Brian_Barker · January 9, 2013, 6:33am

This poses a nice paradox. According to your own stricture, you shouldn't be criticising Mr Novak unless you can be sure that he cannot be correct in even questioning your claim. And again, according to your same requirement, you cannot be sure that he cannot be correct to question your claim until you have posted a proof of your belief - in other words a proof of your original claim.

;^)

Brian Barker

gordom · January 9, 2013, 10:02am

W dniu 2013-01-09 07:17, Brian Barker pisze:

I would appreciate your help with the regular expressions. I have a
document consisting of hundreds of lines. A small sample is here:

Set: 01SA34509
0109SA
011017B
01020207B
010902B
01090002
011007B
01090001
090110
Set: 0134501
011101
01110102
01110103
080908
Set: 0111679SE
0111SE

I need to delete all text except these lines started with word "Set".
If I use "set:.+" regular expression, all these lines, that should be
kept, are selected. I cant find a way to reverse this selection. I
tried "[^set:.+].+" and "[^(set:.+)].+" but they don't work. Could you
please give me any clues?

I think this is fairly simple. I'm assuming that your "lines" are
actually separate paragraphs, in fact: that they are separated by
paragraph breaks, not line breaks, that is.

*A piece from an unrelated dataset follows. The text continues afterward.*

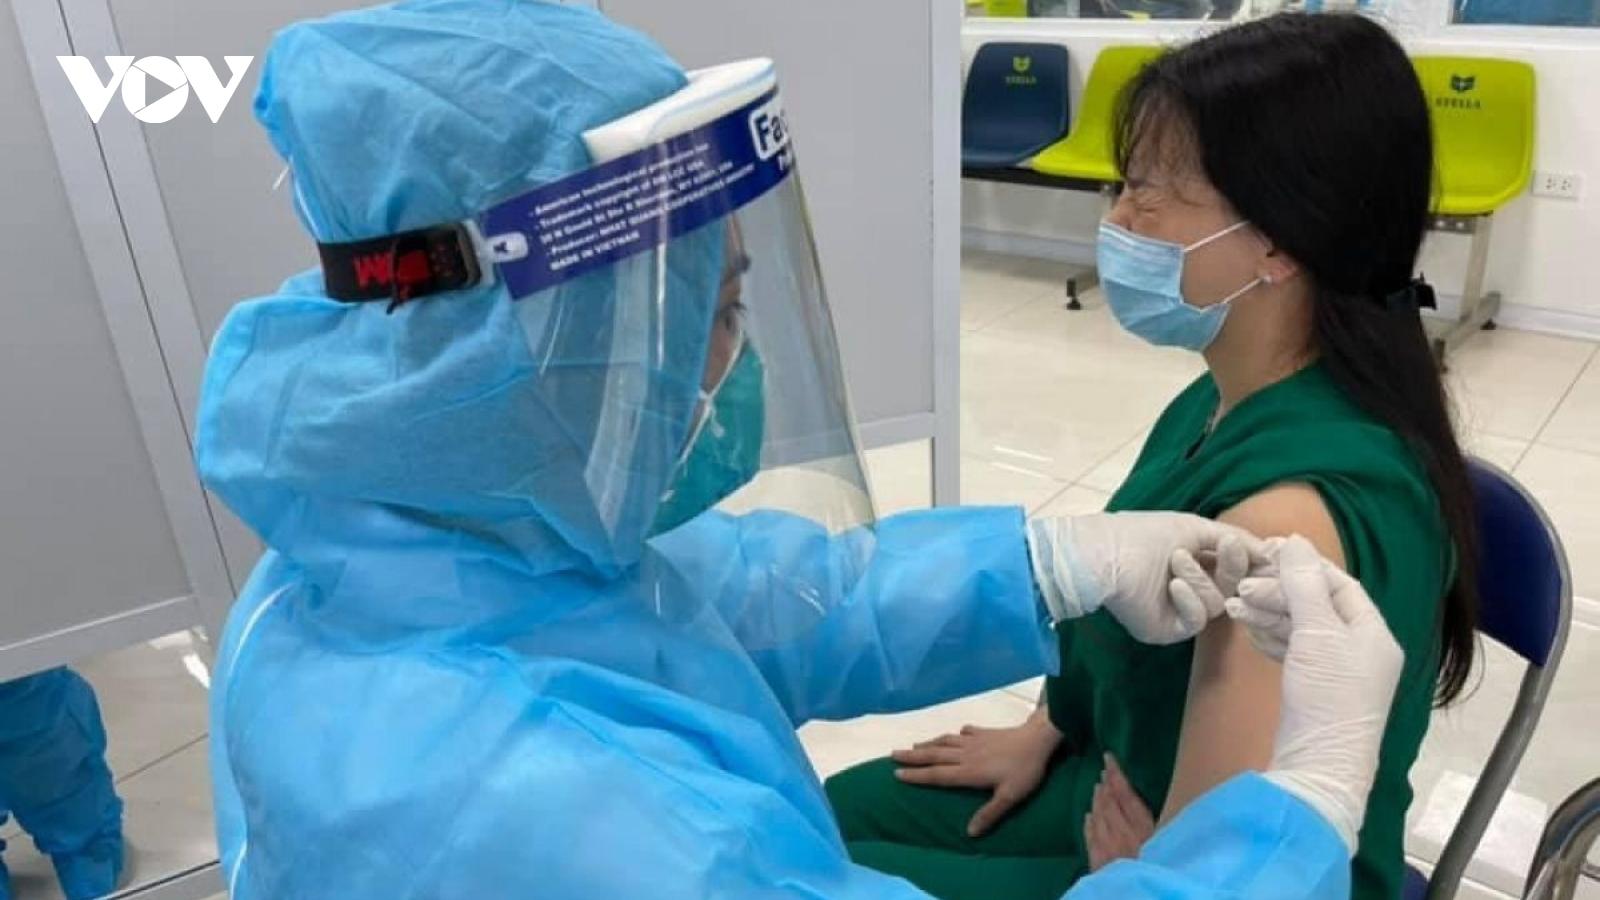 Cập nhật độ phủ vaccine phòng COVID-19 tại Hà Nội

o Using Find & Replace with "Regular expressions" ticked, search for
^Set and click Find All. This will select just those words, where they
occur at the start of a line, not the whole lines.
o Click the down-arrow at the right of the Apply Style window in the
Formatting toolbar, and select some (paragraph) style different from the
style of your text (perhaps Heading?). Since this is a paragraph style,
it will apply to the whole of each relevant line (paragraph), not just
the selected occurrences of the word "Set".
o Back in the Find & Replace dialogue, click "Search for Styles", choose
your original style (perhaps Default?) in the "Search for" box, and
click Find All.
o Press Delete to remove all the unwanted lines.
o Tick "Regular expressions" again, and search for ^$ - replacing with
nothing. Click Replace All. This removes the empty paragraphs left by
the previous process.
o Go to Edit | Select All (or press Ctrl+A) and use the Apply Style
window again to reset your paragraph style appropriately (to Default?).

I trust this helps.

Brian Barker

It seems to work indeed. Thank you very much :-). Regards,

gordom

Johnny_Rosenberg · January 9, 2013, 12:26pm

This worked for me with your example lines a minute ago:

Ctrl+h (or whatever method you prefer for opening the Search and
Replace dialogue).
☒ Regular expressions
Search for: ^[^S][^e][^t].*$
Replace with: (leave empty)
Click Replace All

Search for: ^$
Leave everything else as is
Click Replace All.

Done.

The funny thing is that the last part didn't work for me maybe ten
minutes ago, but I must have done something slightly different that
time…

So, in short terms:
1. Replace all ^[^S][^e][^t].*$ with nothing (regular expressions on).
2. Replace all ^$ with nothing (regular expressions still on).
Done.

Step 1 would also erase lines starting with ”set” and ”SET”, so if you
want to keep all possible combinations for the word ”set”, you should
rather try: ^[^Ss][^Ee][^Tt].*$
I didn't try that myself, but it should work. There is always Undo if
it doesn't…

Kind regards

Johnny Rosenberg
ジョニー・ローゼンバーグ

Johnny_Rosenberg · January 9, 2013, 12:37pm

Okay, forget it. This keeps everything that starts with an S, not only
the Set lines…
If that's not at problem, this is a fast way, otherwise it could
require quite some manual work or further Seach and Replace
operations.
I'll give it a few more thoughts…

Kind regards

Johnny Rosenberg
ジョニー・ローゼンバーグ

Johnny_Rosenberg · January 9, 2013, 12:48pm

Another method:
1. Ctrl+h, Search for: ^Set.*$
2. ☒ Regular expressions, click Search all. Close the dialogue.
3. Ctrl+x Ctrl+a Ctrl+v Ctrl+h
4. Search for: Set
5. Replace with: \nSet
6. ☒ Regular expressions, click Replace all. Close the dialogue.
7. Remove the first line, which now is empty, manually.

Done.
Looks like many steps, but it is quick, actually.

Kind regards

Johnny Rosenberg
ジョニー・ローゼンバーグ

Johnny_Rosenberg · January 9, 2013, 1:03pm

Maybe we should do a feature request.
Somewhere in the dialogue, there could be something like this:
☐ Inverse Search/Replace

Leaving it like this, everything should work like usual.

☒ Inverse Search/Replace
Now, Search should find first non-match, Search all should find all
non-matches, Replace should work as usual – that is replace the
currently highlighted text and Replace all should replace all
non-matches.

Just an idea.

Johnny Rosenberg

Tom_Davies · January 9, 2013, 1:18pm

Hi
That does sound fairly insane and unlikely to ever be useful. I like it!! It would be great to have even if it's just to show-off that LO is ahead of the game in yet another way.
Regards from
Tom